Read about atexit here. However it will not be called in all cases (for example, calling abort will not trigger the function you registered with atexit).
You can implement your own signal handler, then all the signals will pass there and you can do whatever for each of them.
You are looking for set_terminate().
http://www.cplusplus.com/reference/std/exception/set_terminate/
There are other similar function in the same header, that are usable for complementary scenarios.
int main()
{
try
{
// all your code here
}
catch(...)
{
// cleanup
}
return 0;
}
What environment you're working in? by abrupt do you mean Ctrl+C or kill -9 signal?
On unix/linux you can mask some signals and provide handlers, but as far as I am aware, you cannot mask all signal (9 is an example of a signal that can't be masked, and it'll kill your process abruptly)

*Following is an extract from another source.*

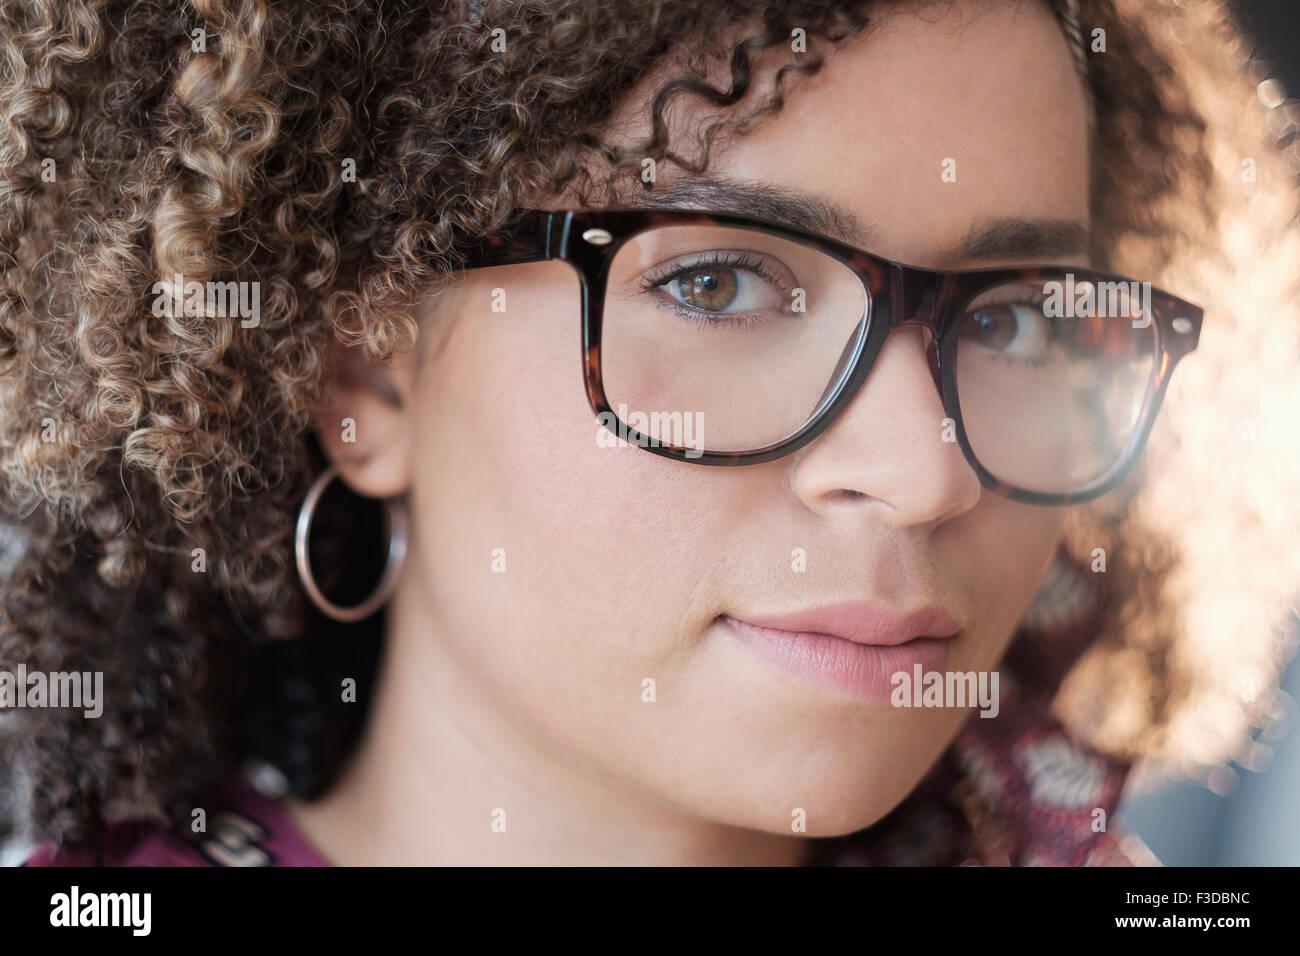 Portrait de femme aux cheveux bouclés Photo Stock

Some even lower level overriding on OS operation could be available, but I'm not familiar with that.
I am not an expert and I just know some few things about C++, but I know you can create handles in Unix and C in order to detect a concrete signal and then, execute a function and later, terminate the program by "exit(n)" for example.
You can do it using signal or sigaction, but the problem is that you only can use this method for any signal except SIGKILL or SIGSTOP.
Are you familiar with signal handling? I would recommend that you study that first and then come back with questions regarding it. It looks like a couple people have already alluded to it, but here is a good resource to check:
http://www.gnu.org/s/hello/manual/libc/Signal-Handling.html
Writing your own signal handlers will allow you to determine what you want to do when a particular signal is caught. As stated, there are some that can't be overridden, and for good reason. You don't want to let someone override kill -9 simply because a program that's impossible to kill could be created. However, a straight kill signal or something such as ctrl-c, ctrl-d, etc, can be caught and handled in the way of your choosing.
There is no function that captures all scenarios and works on all platfroms. If you need something for Windows you will have to handle SEH(Structured exception handling) as well. You will have to define and set handlers for various scenarios(SEH, C++ Exceptions, SIGABRT, Terminate etc.) that execute common cleanup code and. Check zack's response here for handling SIGABRT signals.
For SEH you can add a SE converter to handle SE excpetions and convert them to C++ exceptions, look at _set_se_translator for more information about how to handle SEH exceptions.
You can refer to this documentation for set_terminate handler and this is a good reference for set_unexpected.
You will have to write your own handler that will be called for every scenario.
In the end I would reccomend using some existing libraries for this purpose, I like crashrprt.